* _Exercise requirements_:
Every line of the data is to be transcribed without error.

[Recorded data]
+++++

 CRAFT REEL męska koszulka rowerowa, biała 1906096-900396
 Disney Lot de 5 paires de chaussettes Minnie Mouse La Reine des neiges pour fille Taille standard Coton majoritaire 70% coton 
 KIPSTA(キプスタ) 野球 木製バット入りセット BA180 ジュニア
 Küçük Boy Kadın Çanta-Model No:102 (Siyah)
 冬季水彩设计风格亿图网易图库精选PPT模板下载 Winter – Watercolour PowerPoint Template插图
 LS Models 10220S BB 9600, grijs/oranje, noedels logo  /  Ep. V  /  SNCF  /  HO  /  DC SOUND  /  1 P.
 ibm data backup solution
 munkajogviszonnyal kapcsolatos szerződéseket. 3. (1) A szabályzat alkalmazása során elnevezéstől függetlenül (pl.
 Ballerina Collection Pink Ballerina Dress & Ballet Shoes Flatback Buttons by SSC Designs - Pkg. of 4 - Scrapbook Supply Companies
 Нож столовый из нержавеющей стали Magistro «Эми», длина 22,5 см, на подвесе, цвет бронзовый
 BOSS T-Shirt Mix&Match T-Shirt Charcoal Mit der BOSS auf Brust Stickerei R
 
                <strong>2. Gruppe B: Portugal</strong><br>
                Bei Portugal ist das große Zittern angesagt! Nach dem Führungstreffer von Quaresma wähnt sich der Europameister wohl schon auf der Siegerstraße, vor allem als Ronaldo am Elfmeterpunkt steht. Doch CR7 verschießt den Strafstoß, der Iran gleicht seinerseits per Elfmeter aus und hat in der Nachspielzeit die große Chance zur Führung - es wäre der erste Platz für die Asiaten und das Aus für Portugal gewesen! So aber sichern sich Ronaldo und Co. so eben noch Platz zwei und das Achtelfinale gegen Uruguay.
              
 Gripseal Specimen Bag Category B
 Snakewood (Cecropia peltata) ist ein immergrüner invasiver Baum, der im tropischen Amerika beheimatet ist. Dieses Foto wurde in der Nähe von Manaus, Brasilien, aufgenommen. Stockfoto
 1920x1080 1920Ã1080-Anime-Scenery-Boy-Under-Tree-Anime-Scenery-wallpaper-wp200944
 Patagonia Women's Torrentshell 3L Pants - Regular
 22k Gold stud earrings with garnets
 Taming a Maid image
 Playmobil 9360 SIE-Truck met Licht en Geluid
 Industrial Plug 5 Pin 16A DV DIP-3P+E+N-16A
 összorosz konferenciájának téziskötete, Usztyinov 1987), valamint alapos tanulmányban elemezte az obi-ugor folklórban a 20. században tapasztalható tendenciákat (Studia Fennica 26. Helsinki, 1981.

+++++

* _Answer for the task_:
 CRAFT REEL męska koszulka rowerowa, biała 1906096-900396
 Disney Lot de 5 paires de chaussettes Minnie Mouse La Reine des neiges pour fille Taille standard Coton majoritaire 70% coton 
 KIPSTA(キプスタ) 野球 木製バット入りセット BA180 ジュニア
 Küçük Boy Kadın Çanta-Model No:102 (Siyah)
 冬季水彩设计风格亿图网易图库精选PPT模板下载 Winter – Watercolour PowerPoint Template插图
 LS Models 10220S BB 9600, grijs/oranje, noedels logo  /  Ep. V  /  SNCF  /  HO  /  DC SOUND  /  1 P.
 ibm data backup solution
 munkajogviszonnyal kapcsolatos szerződéseket. 3. (1) A szabályzat alkalmazása során elnevezéstől függetlenül (pl.
 Ballerina Collection Pink Ballerina Dress & Ballet Shoes Flatback Buttons by SSC Designs - Pkg. of 4 - Scrapbook Supply Companies
 Нож столовый из нержавеющей стали Magistro «Эми», длина 22,5 см, на подвесе, цвет бронзовый
 BOSS T-Shirt Mix&Match T-Shirt Charcoal Mit der BOSS auf Brust Stickerei R
 
                <strong>2. Gruppe B: Portugal</strong><br>
                Bei Portugal ist das große Zittern angesagt! Nach dem Führungstreffer von Quaresma wähnt sich der Europameister wohl schon auf der Siegerstraße, vor allem als Ronaldo am Elfmeterpunkt steht. Doch CR7 verschießt den Strafstoß, der Iran gleicht seinerseits per Elfmeter aus und hat in der Nachspielzeit die große Chance zur Führung - es wäre der erste Platz für die Asiaten und das Aus für Portugal gewesen! So aber sichern sich Ronaldo und Co. so eben noch Platz zwei und das Achtelfinale gegen Uruguay.
              
 Gripseal Specimen Bag Category B
 Snakewood (Cecropia peltata) ist ein immergrüner invasiver Baum, der im tropischen Amerika beheimatet ist. Dieses Foto wurde in der Nähe von Manaus, Brasilien, aufgenommen. Stockfoto
 1920x1080 1920Ã1080-Anime-Scenery-Boy-Under-Tree-Anime-Scenery-wallpaper-wp200944
 Patagonia Women's Torrentshell 3L Pants - Regular
 22k Gold stud earrings with garnets
 Taming a Maid image
 Playmobil 9360 SIE-Truck met Licht en Geluid
 Industrial Plug 5 Pin 16A DV DIP-3P+E+N-16A
 összorosz konferenciájának téziskötete, Usztyinov 1987), valamint alapos tanulmányban elemezte az obi-ugor folklórban a 20. században tapasztalható tendenciákat (Studia Fennica 26. Helsinki, 1981.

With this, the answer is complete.